В костелах густыми переливами звонят колокола. Толпы пражан запрудили улицы столицы, но на лицах не видно праздничного веселья.
На перекрестках, где стекается народ, оживленно толкуют и спорят. У всех на устах одно имя — Гус.
Прага, да и вся Чехия, живет под впечатлением церковных громов, свалившихся на голову Яна Гуса, проповедника Вифлеемской часовни и ректора Пражского университета, магистра свободных искусств и бакалавра богословия.

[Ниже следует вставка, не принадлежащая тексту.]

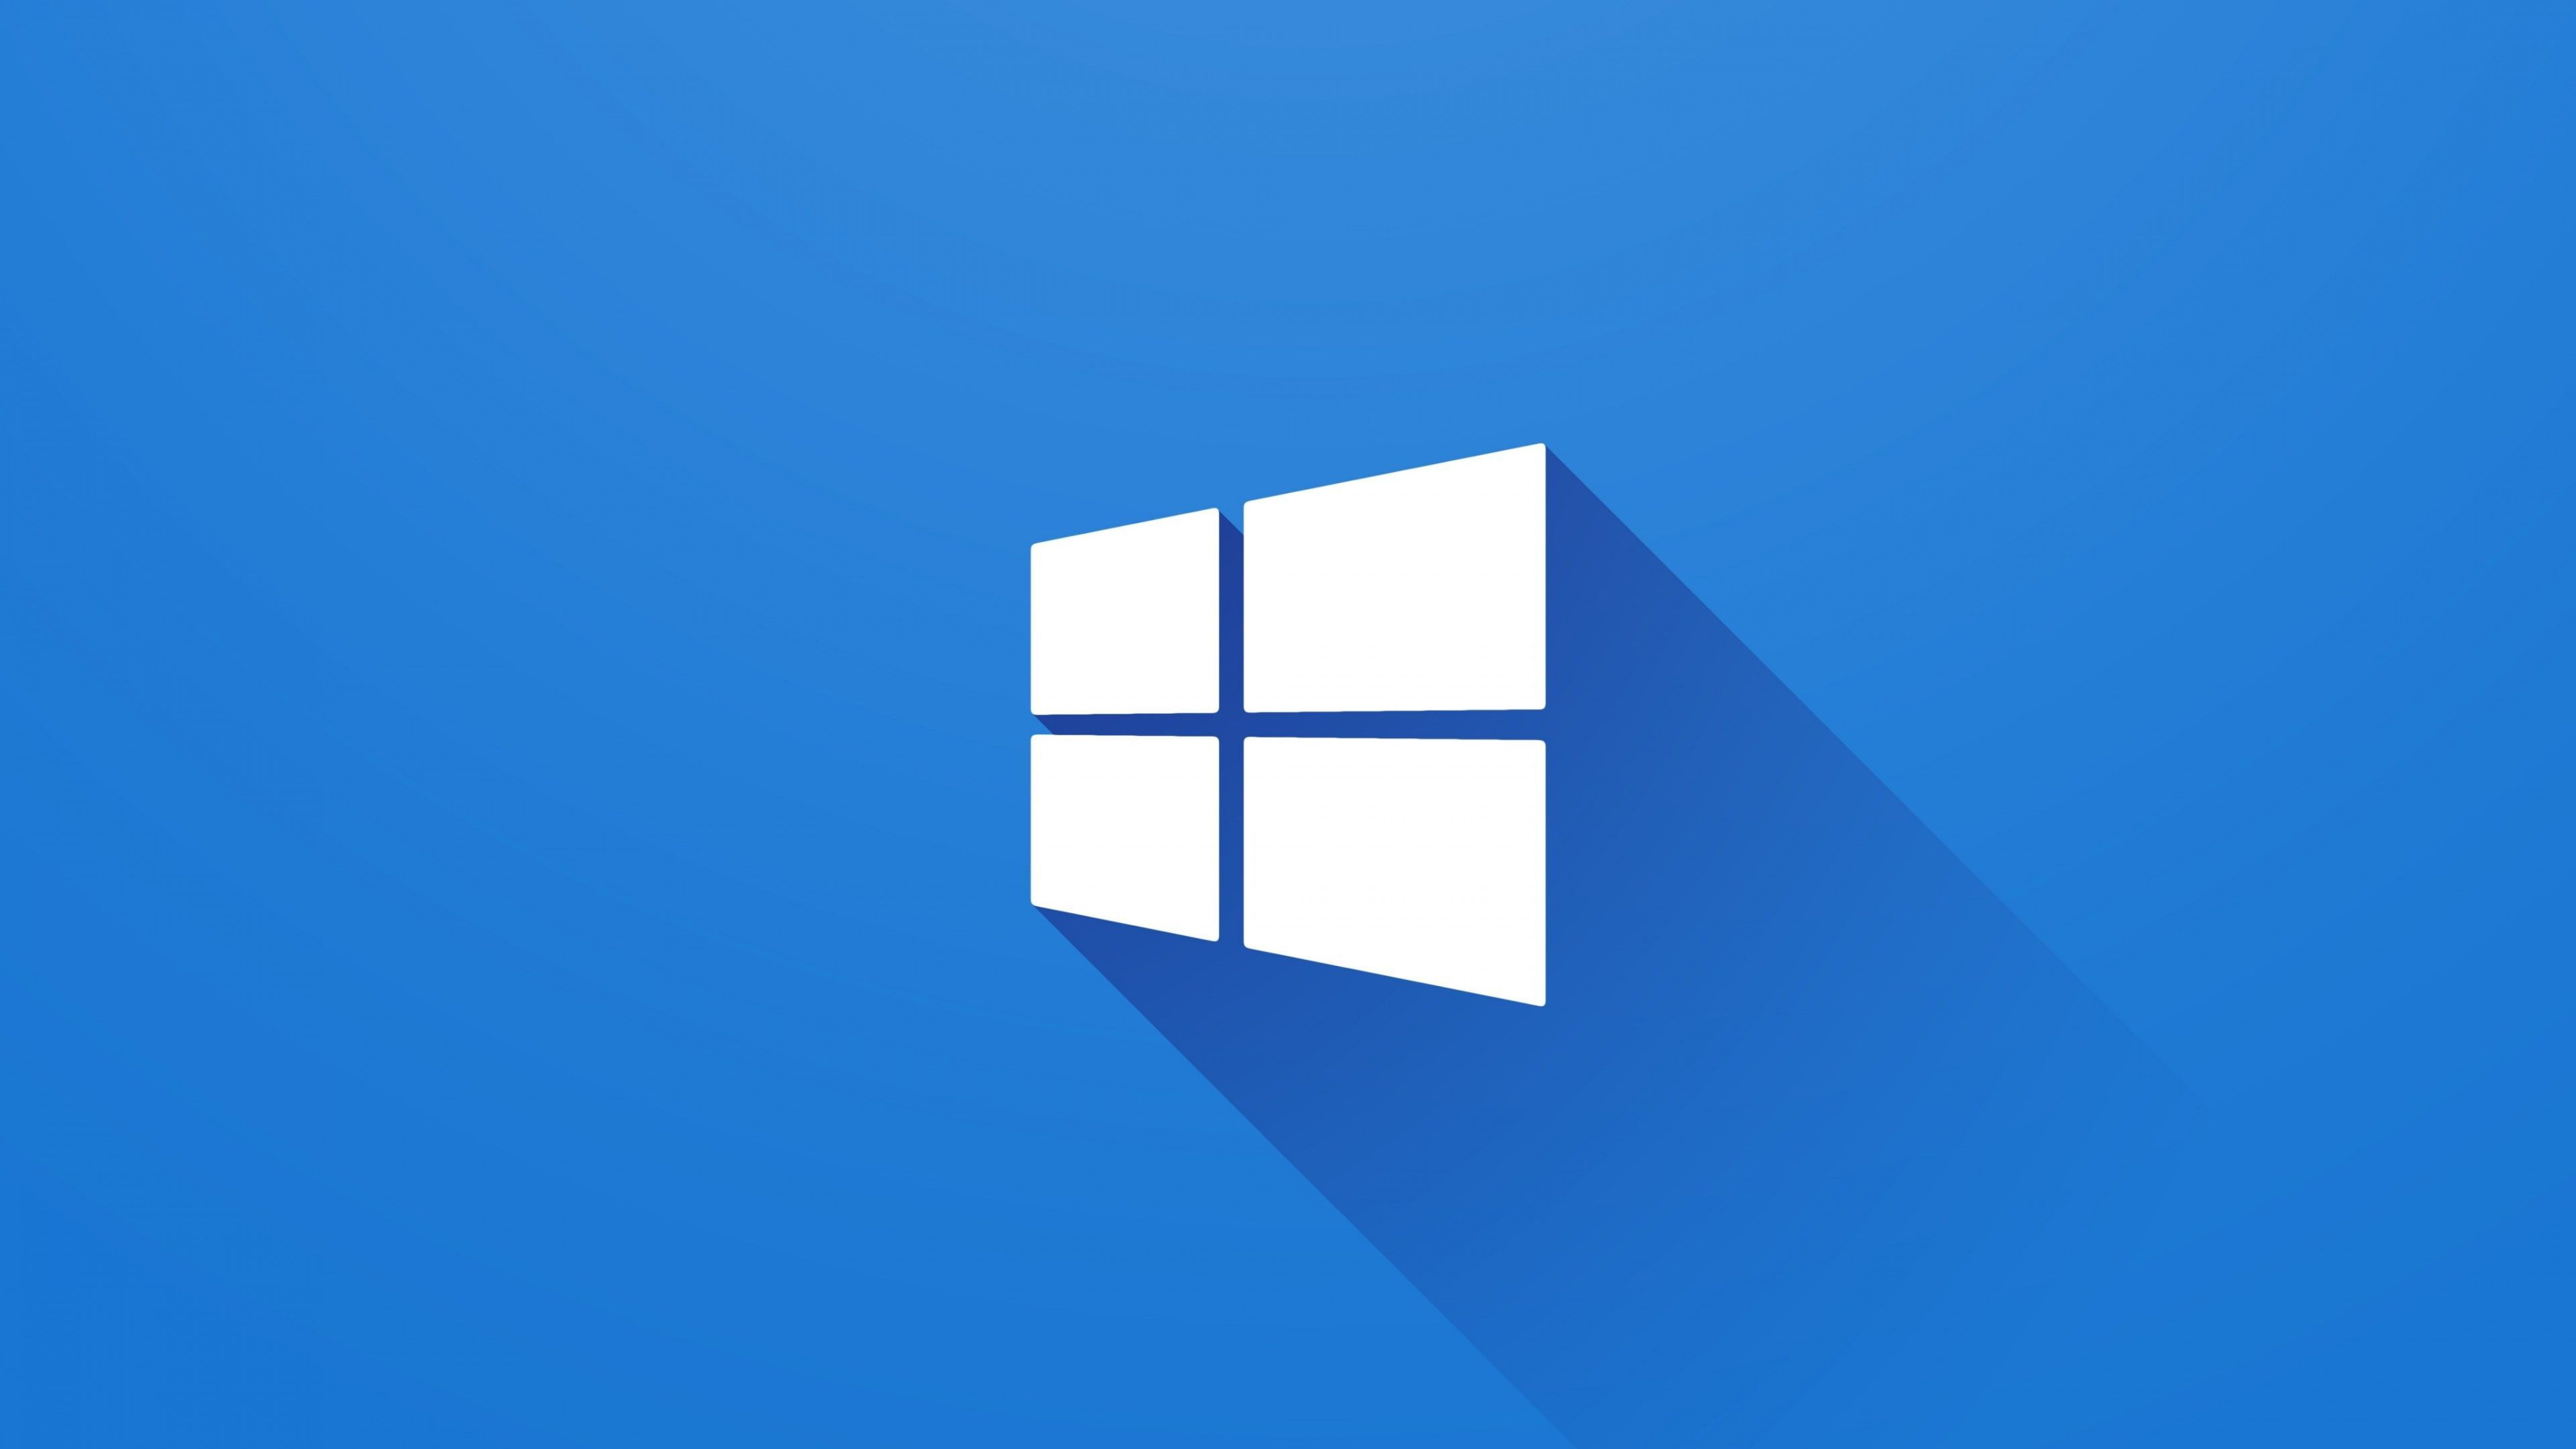 Logo Windows đã trở thành biểu tượng quen thuộc của máy tính và hệ điều hành Windows. Hãy xem hình ảnh để hiểu thêm về lịch sử và ý nghĩa của logo Windows. Bạn sẽ cảm thấy thú vị với những thông tin thú vị và đáng nhớ liên quan đến logo này.

Чем кончится его долгий бесстрашный спор с apxиепископом Збынским Зайцем и Римской курией? Збынек повелел закрыть Вифлеемскую часовню. Гус, пренебрегши волей архипастыря, продолжал там свои проповеди.
Еще резче стали выпады Гуса против церковников. И все шире и дальше разносится его голос по чешской земле.
В феврале сам папа предал Гуса церковному проклятию. В середине марта архиепископ Збынек приказал приходским священникам Праги огласить это проклятие со всех амвонов. Но Гус все не сдавался. Он отверг право высших иереев отлучать без церковного суда, закрывать кому-либо путь к проповеди. Вот и сегодня, в праздник, он снова будет говорить перед пражским народом.
Чехи Новой Праги, Малой Стороны и пригородных посадов любовно, с ласковой тревогой в голосе называют Гуса «наш бедный магистр», «заступник за нас, чехов», «наш праведник Ян».
А немцы — патриции и богатые бюргеры Старой Праги — произносят имя вифлеемского проповедника с неприязнью, хмурясь. «Еретик», «бунтарь», «мужик в магистерской тоге», — говорят эти богатеи о Гусе. Они готовы стащить его с кафедры и покончить с ним, как со смутьяном.
Но пражане-чехи окружили любимого магистра защитной стеной своей преданности.
Накаленным, грозовым воздухом дышит Прага.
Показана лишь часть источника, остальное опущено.